Matt Drudge writes, "Threatened By The Internet, Time Magazine Slims Down":

TIME magazine, which has been coming out every Monday for over 36 years, hit the streets last Friday instead.

"I believe that getting the magazine on newsstands on Friday helps us set the news agenda," explained Richard Stengel, the managing editor.

NEW YORK TIMES media columnist David Carr takes the opportunity to rain on TIME's first weekend parade:

"At the end of the month, there will be significant layoffs at the magazine division... In the last six months, the huge rate base of Time magazine has been cut by almost 20 percent, the street date has been moved, and at the end of the month, the standard editorial model -- a centralized, well-paid cadre processing every bit of copy that comes in the door -- will be kaput..."
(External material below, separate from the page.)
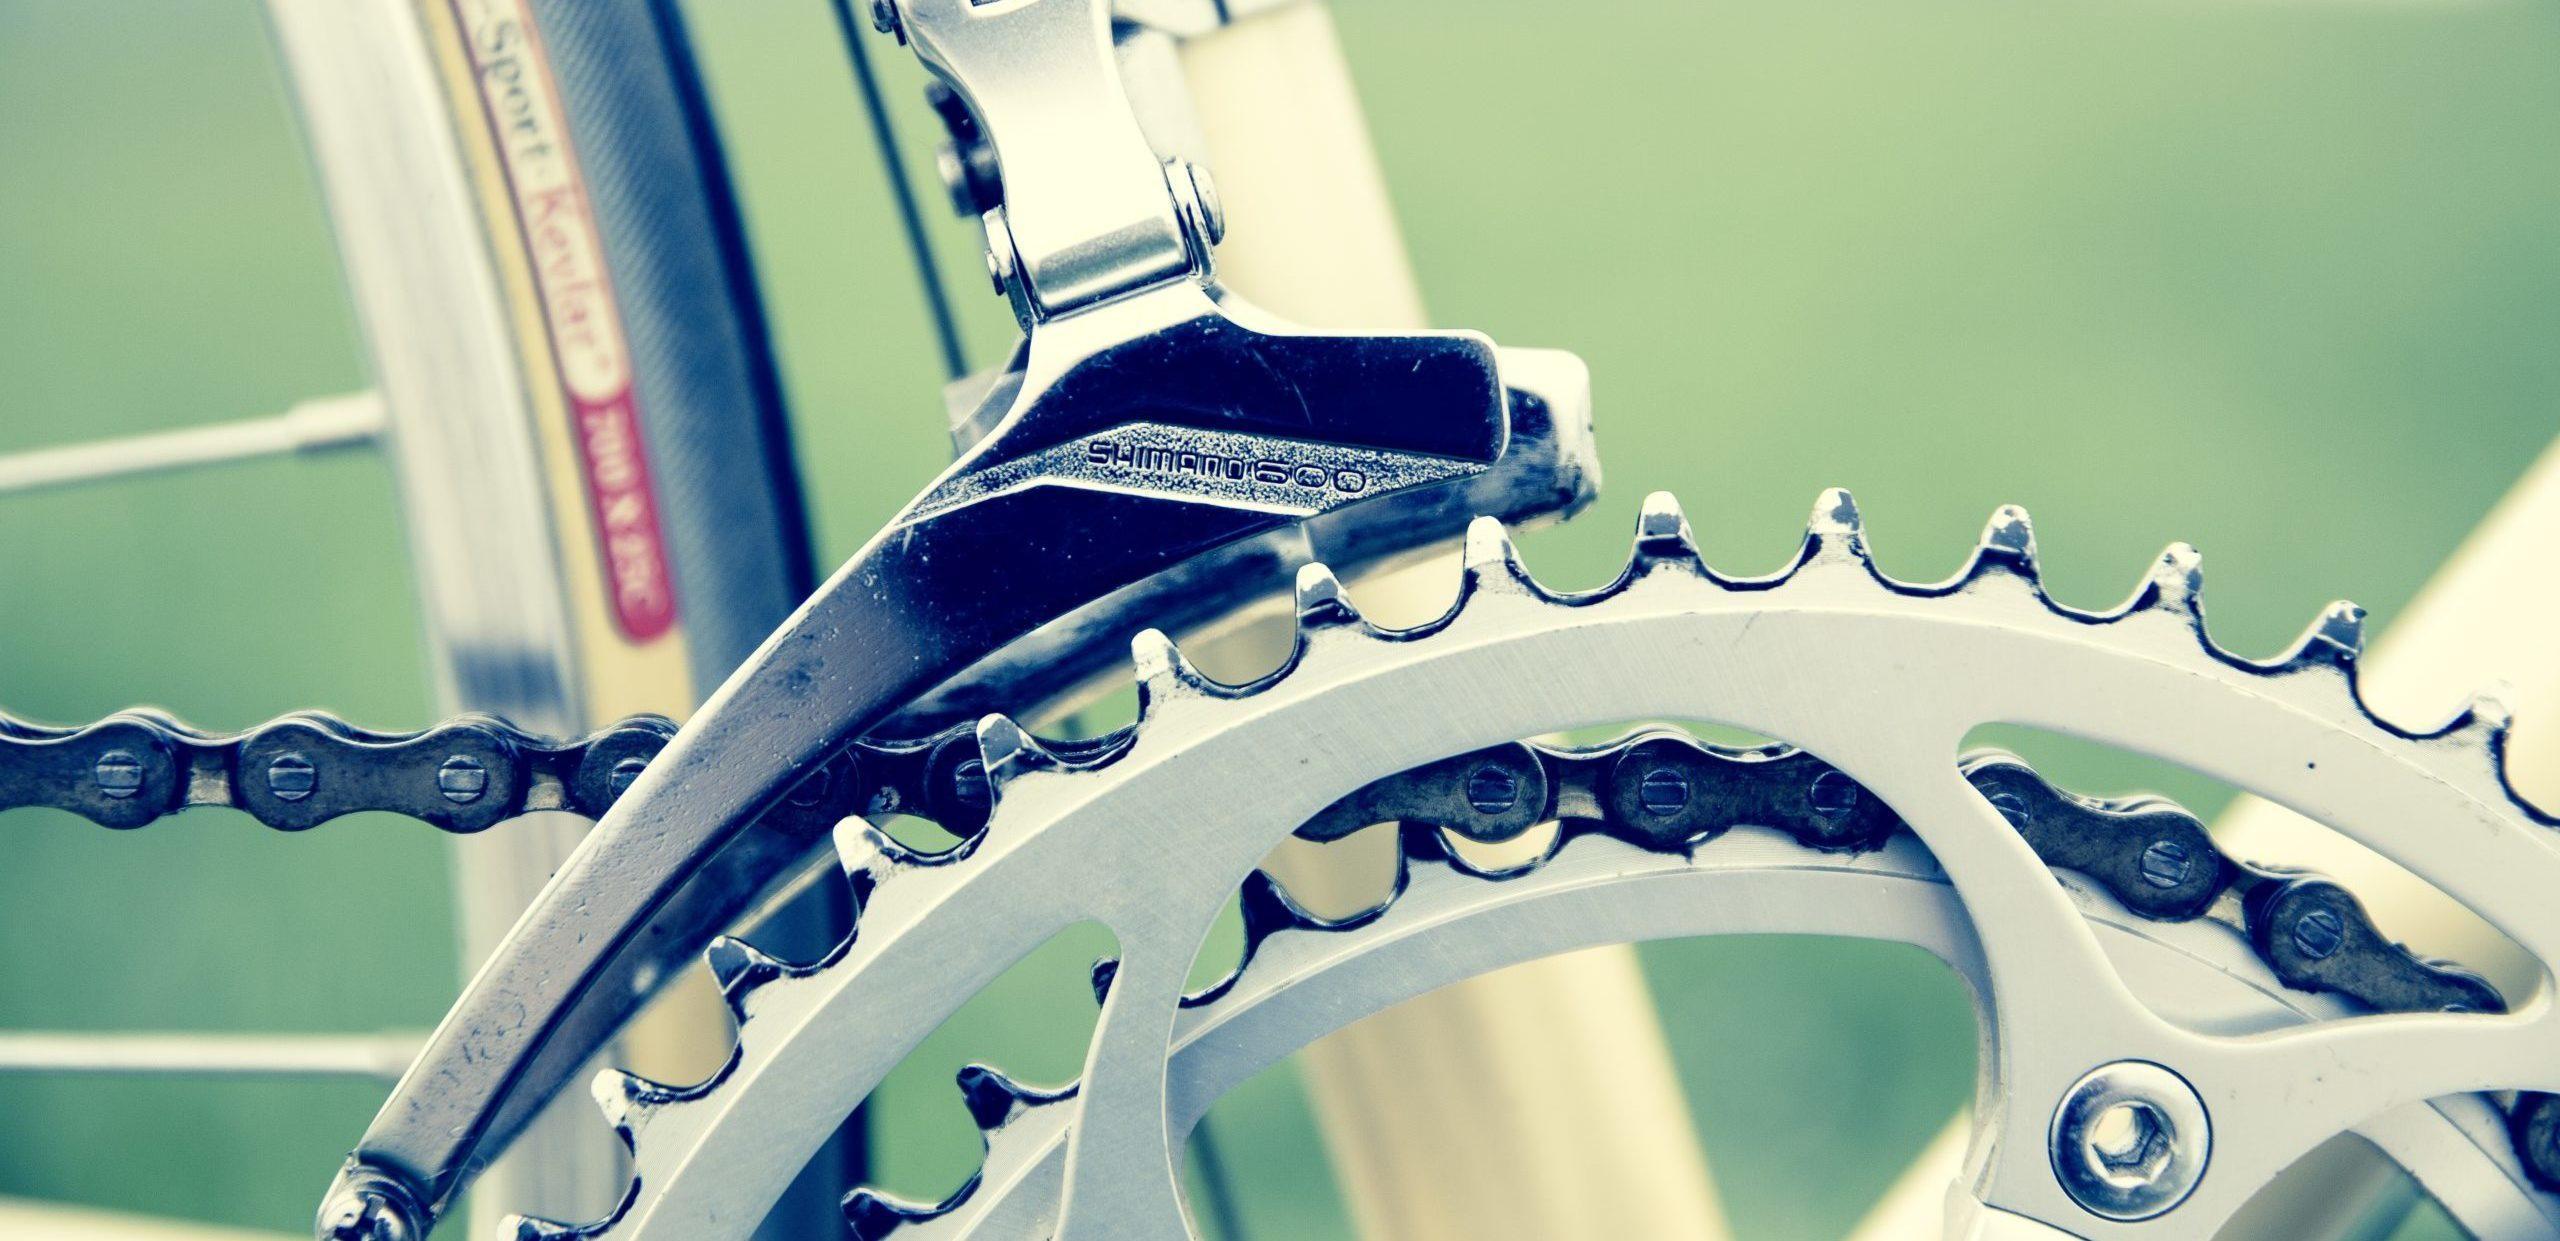 Der Kettenkranz auf einem Rennrad.

Carr explains: 'A tremendous amount of effort has been expended on TIME's new Web site, which makes its debut Monday."

Carr knocks the print magazine: "In its current state, a thin weekly on increasingly thin paper, TIME magazine is not much of a thing to behold."

Not that the New York Times is the picture of health of course, either financially or in terms of flawless journalistic credibility. The Feiler Faster Principle and the Long Tail of the Internet have both radically reshaped the media environment that both of these two old liberal warhorses compete in.

James Lileks once described how that world used to work:

The News was a venerable symbol of childhood’s World of Authority, like Life magazine and those boring but somehow important “White Paper” documentaries on TV. The news was handed down, not passed around. The news was bestowed, not shared.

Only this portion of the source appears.